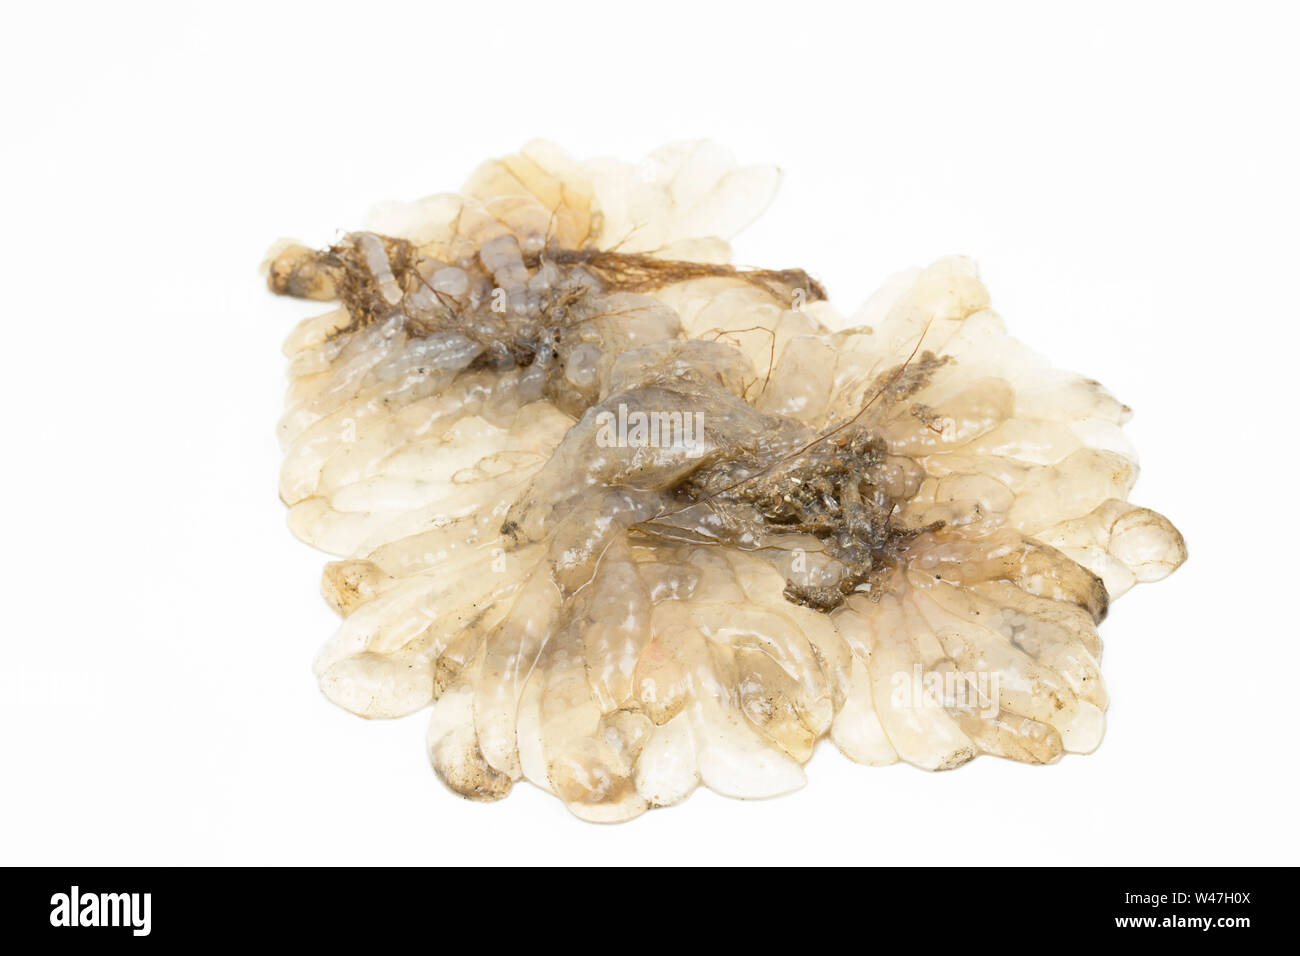 Un intrico di calamari uova, o spawn, trovata nel Canale della Manica e fotografati su sfondo bianco in un studio. Il Dorset England Regno Unito GB Foto Stock
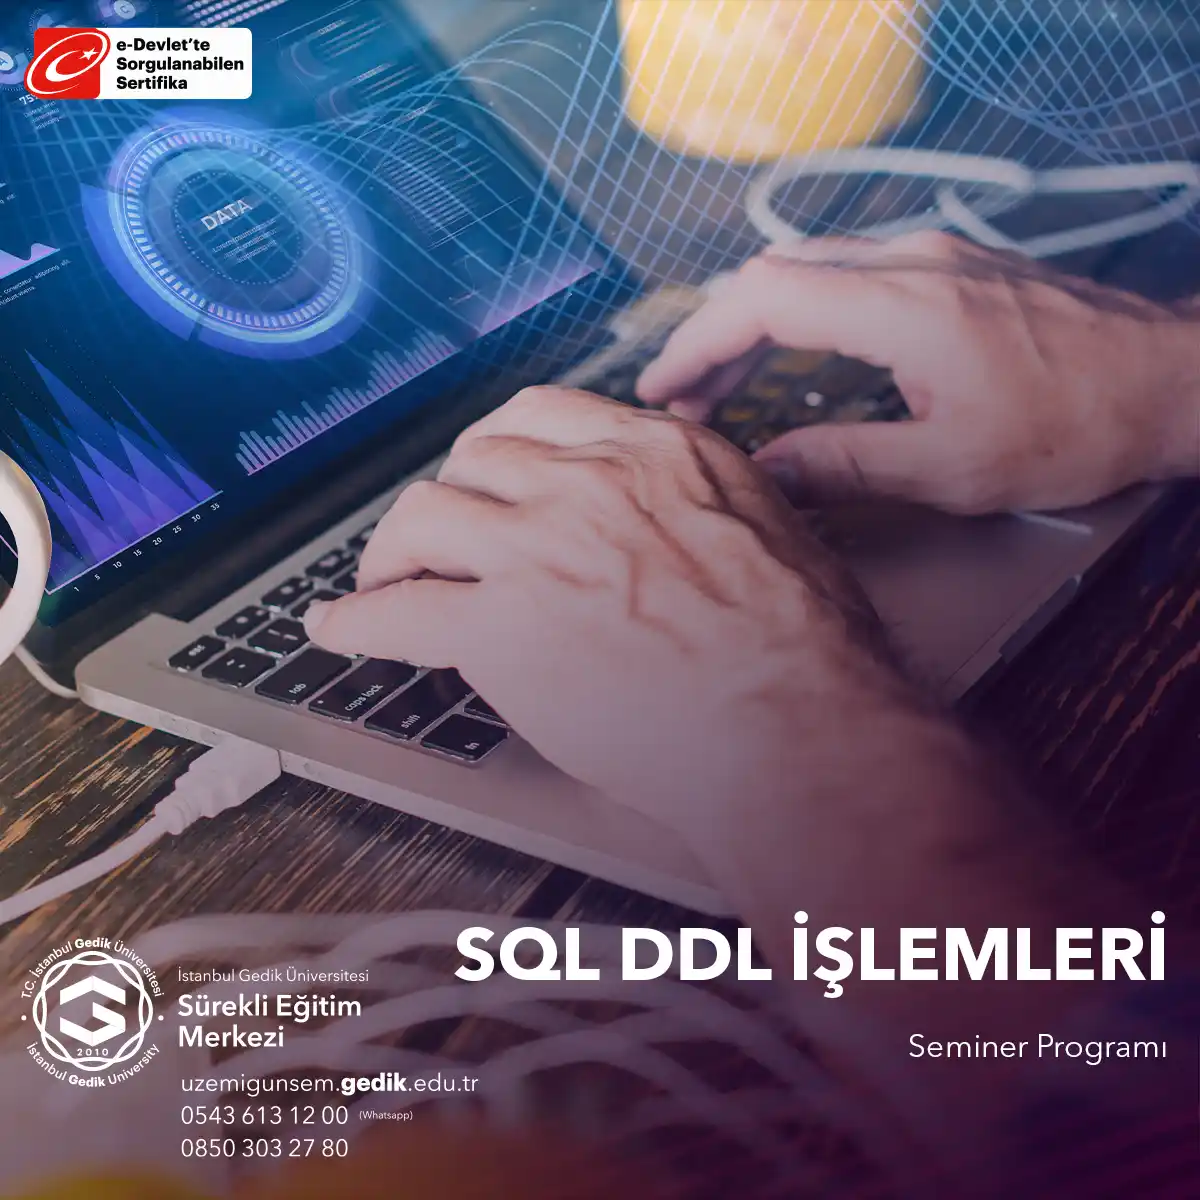 SQL DDL (Data Definition Language) işlemleri, veritabanı şemalarını oluşturmak, değiştirmek ve silmek için kullanılan SQL komutlarını içerir.
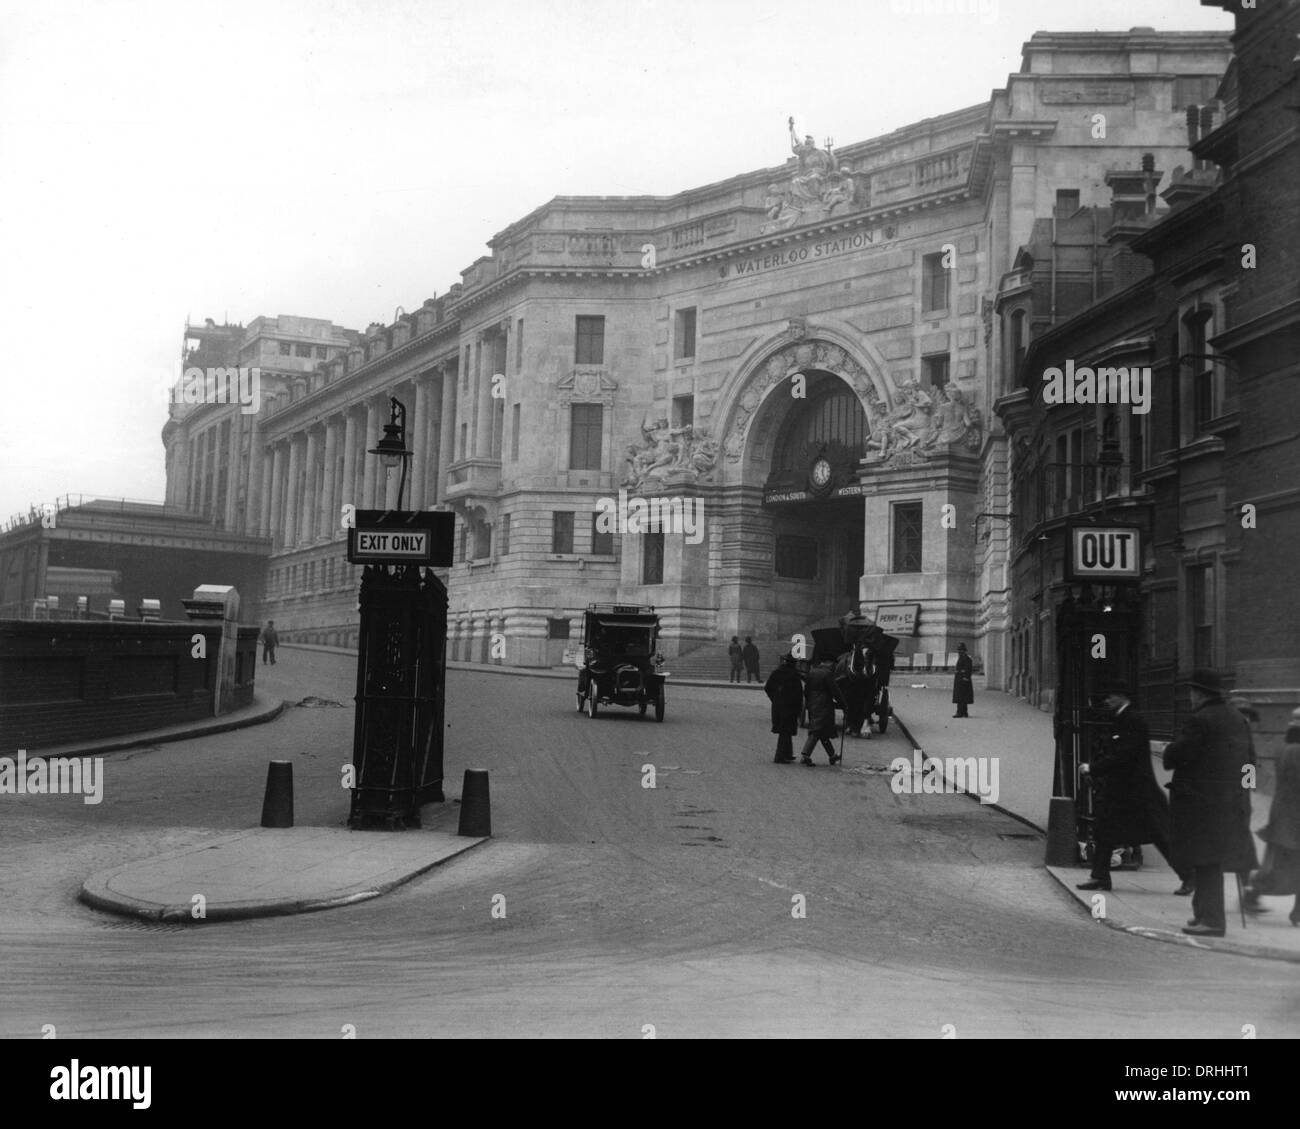 L'entrée de la gare de Waterloo, Londres Banque D'Images
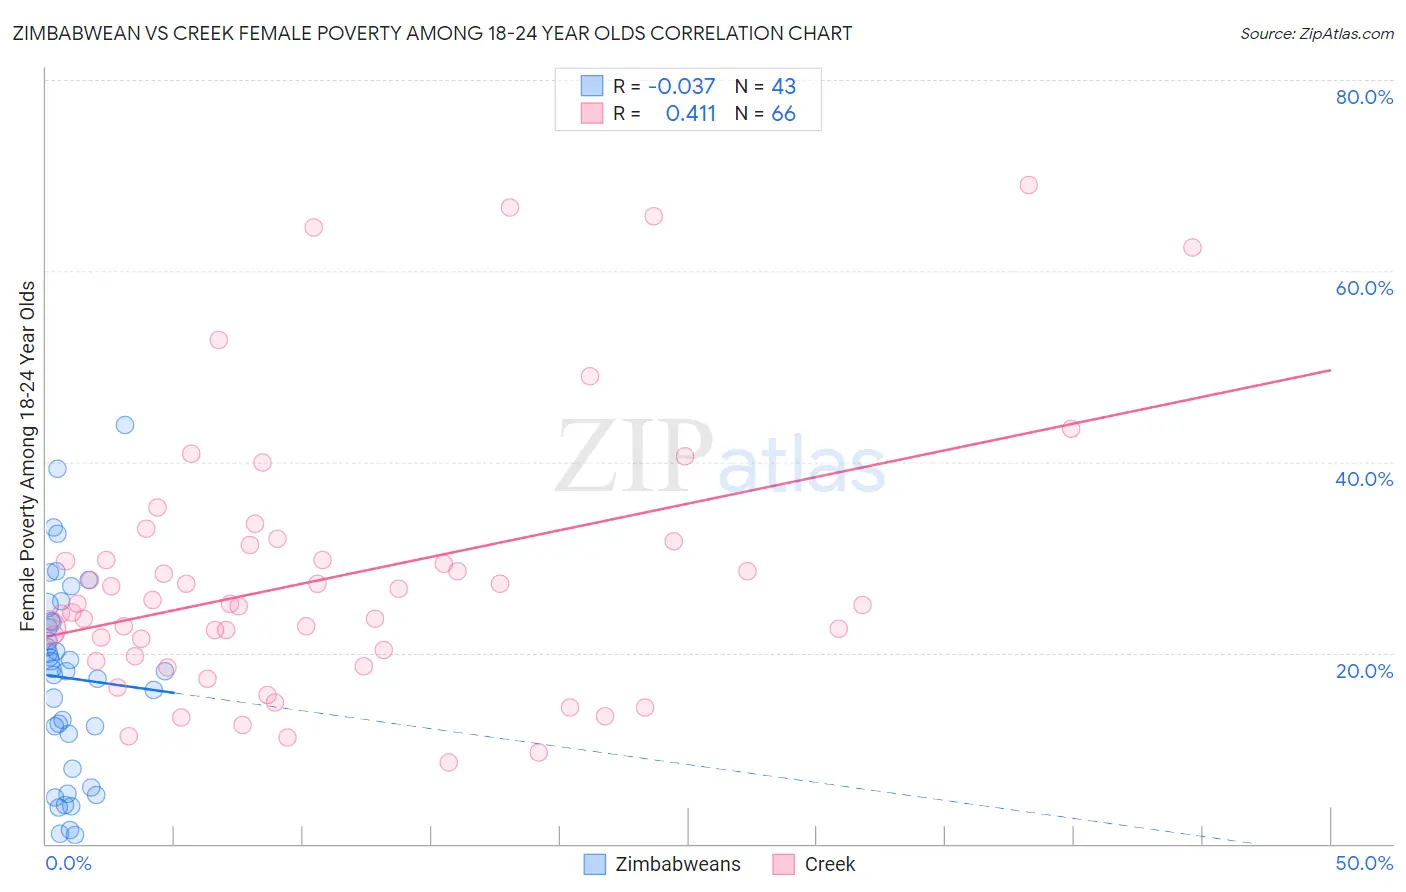 Zimbabwean vs Creek Female Poverty Among 18-24 Year Olds

→ Exercise aim
Nothing but the lines from the top of the data above through the line containing "L'entrée de la" should be output, exactly as written and without the pictures.

→ The completed task
 Un intrico di calamari uova, o spawn, trovata nel Canale della Manica e fotografati su sfondo bianco in un studio. Il Dorset England Regno Unito GB Foto Stock
 SQL DDL (Data Definition Language) işlemleri, veritabanı şemalarını oluşturmak, değiştirmek ve silmek için kullanılan SQL komutlarını içerir.
 L'entrée de la gare de Waterloo, Londres Banque D'Images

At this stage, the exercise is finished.